# Attention Haze Growers



## thesingingdetective (Oct 28, 2006)

Has anyone grown haze's before?  I would like to hear some experiances...


----------



## Elephant Man (Nov 16, 2006)

Troublemaker Haze veggin right now. (Dr. Chronic)


----------



## Elephant Man (Nov 16, 2006)

Thanks [email protected]!  Alot of very useful information there that gave me some ideas for later .

On the other hand, I am an idiot .  The strain I mentioned is actually Troublemaker Kush, it was a freebie.  Too many spliffs last night .


----------



## skunk (Nov 23, 2006)

the,trouble makers to my understanding is hindu kush x master kush. from doc chronic. i maybe wrong though, you wanna check it again and make sure its not haze from doc chronics and the free seeds are troublemakers. because i havent heard of a seedbank called troublemaker. but then again ive been wrong before.


----------



## skunk (Nov 23, 2006)

ps ive also may had been misunderstanding elephantmans statement are you saying you are vegging troublemaker haze right now or some troublemakers and haze?


----------



## Elephant Man (Nov 23, 2006)

Well, this thread looks a little funny now after all those deleted posts.

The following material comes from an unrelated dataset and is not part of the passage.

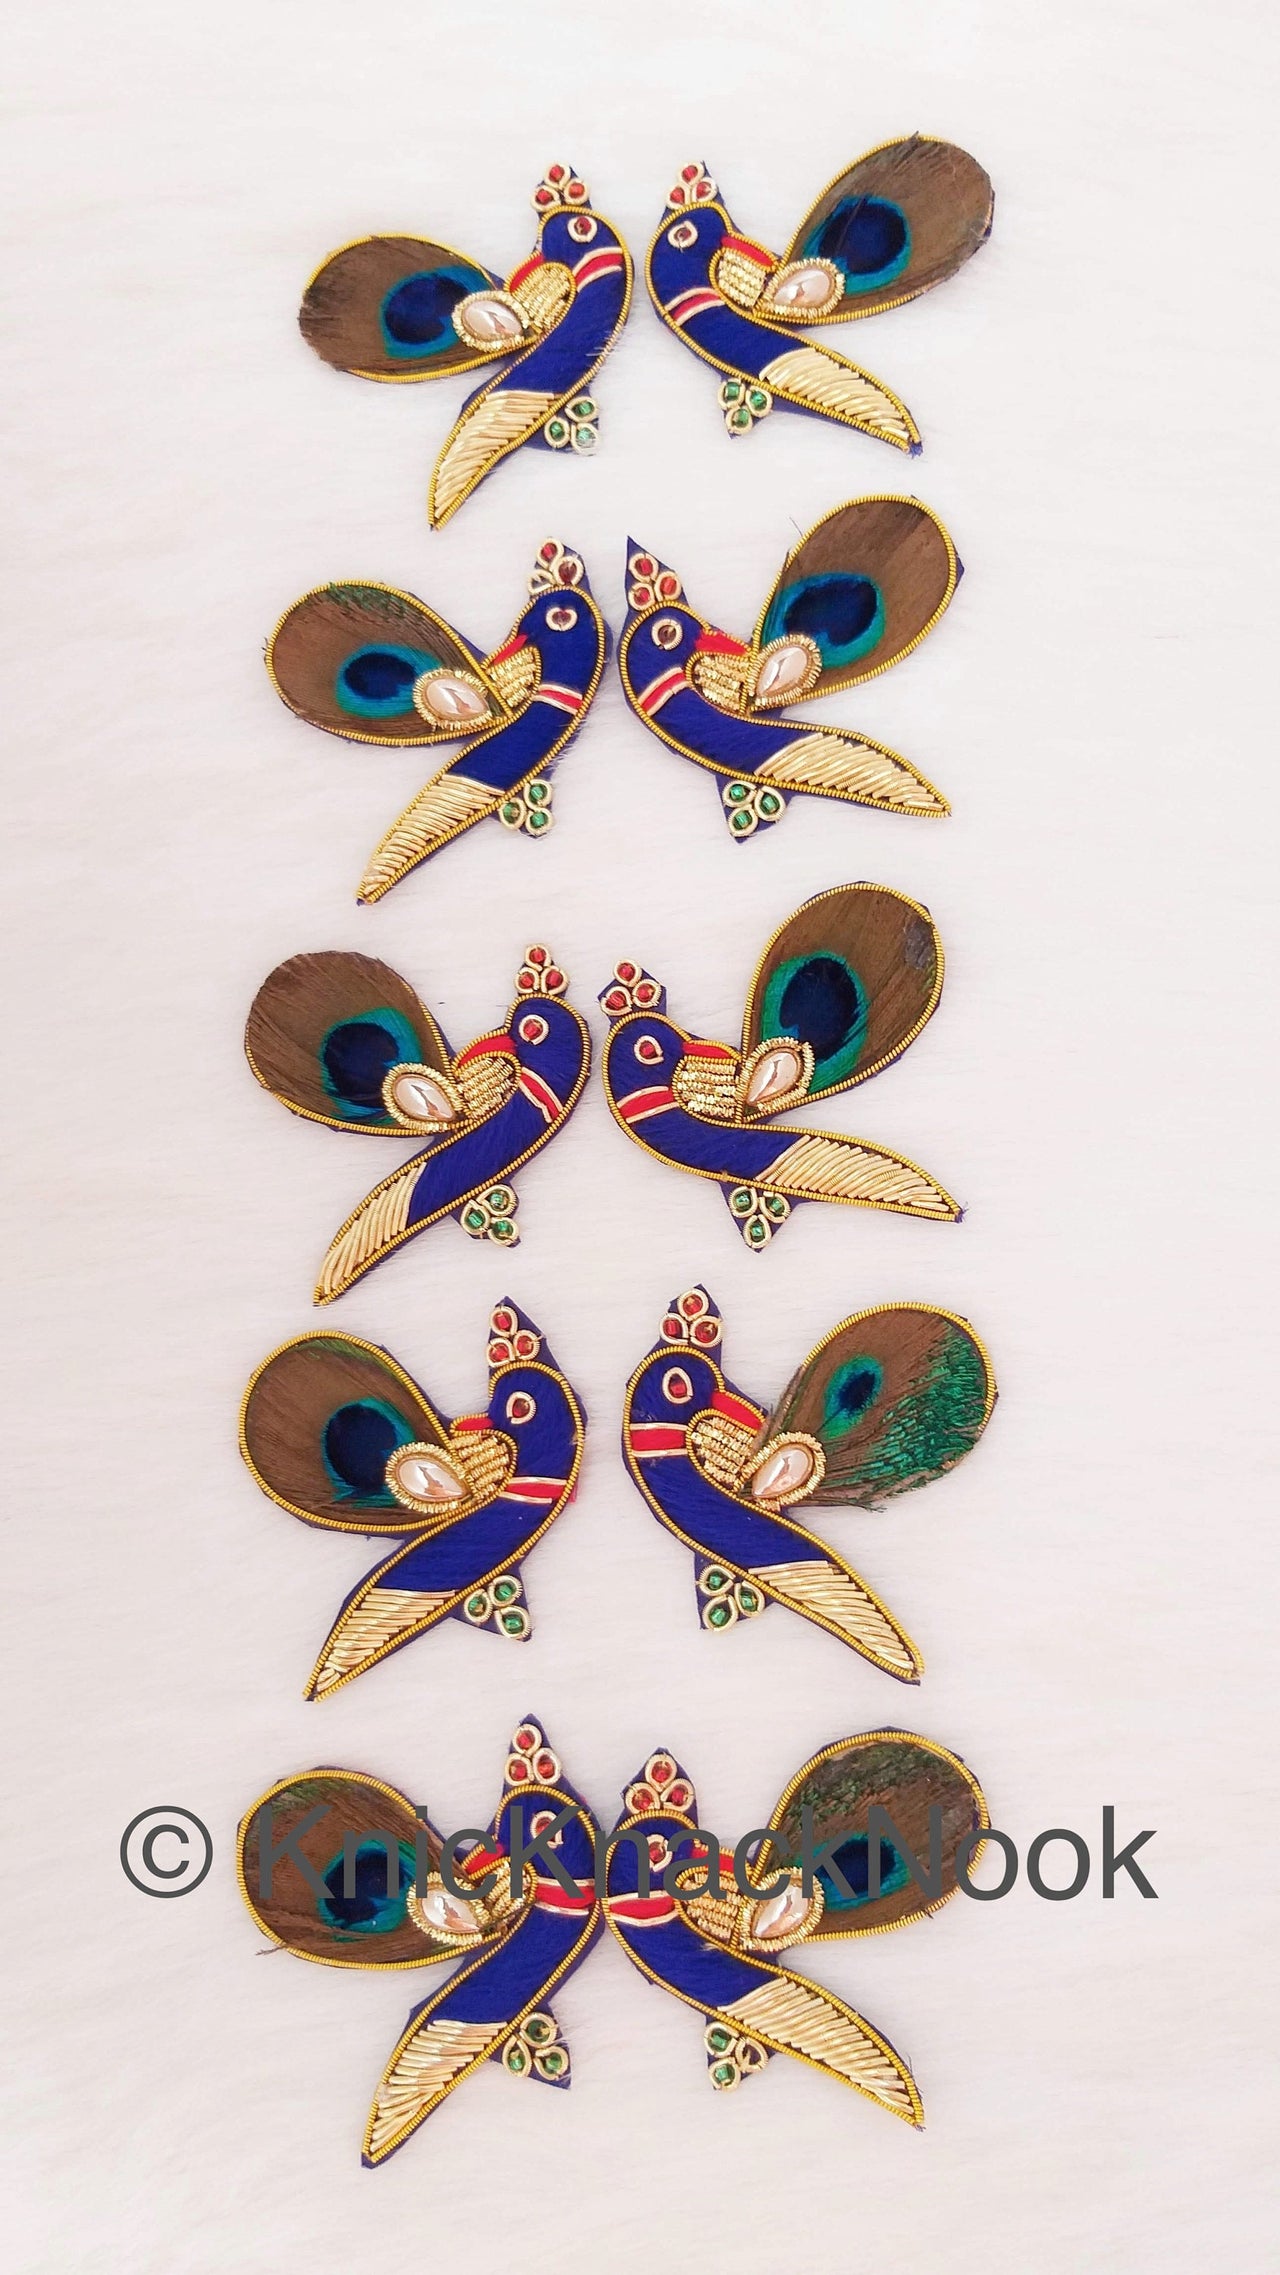 Hand Embroidered Peacock Applique In Blue, Red and Gold Embroidery With Peacock Feather And Gold Bead, Zardozi Work

Might as well delete the whole thing,  I messed up, and offspring, you are right, it is the doc's T Kush.  One too mant tokes that night.


----------



## skunk (Nov 23, 2006)

hey i didnt think nothin of it i couldve been wrong myself .


----------



## MJ20 (Nov 23, 2006)

Haze is the gold of the sativa strain right?


----------



## KID (Dec 31, 2006)

Ive gown Super Haze.It takes abot 14 weeks of flowering.Really not as hard to grow as I was led to believe.Give them lots of root space to grow and youre OK.Oh and the High is superb(not a stone):farm:


----------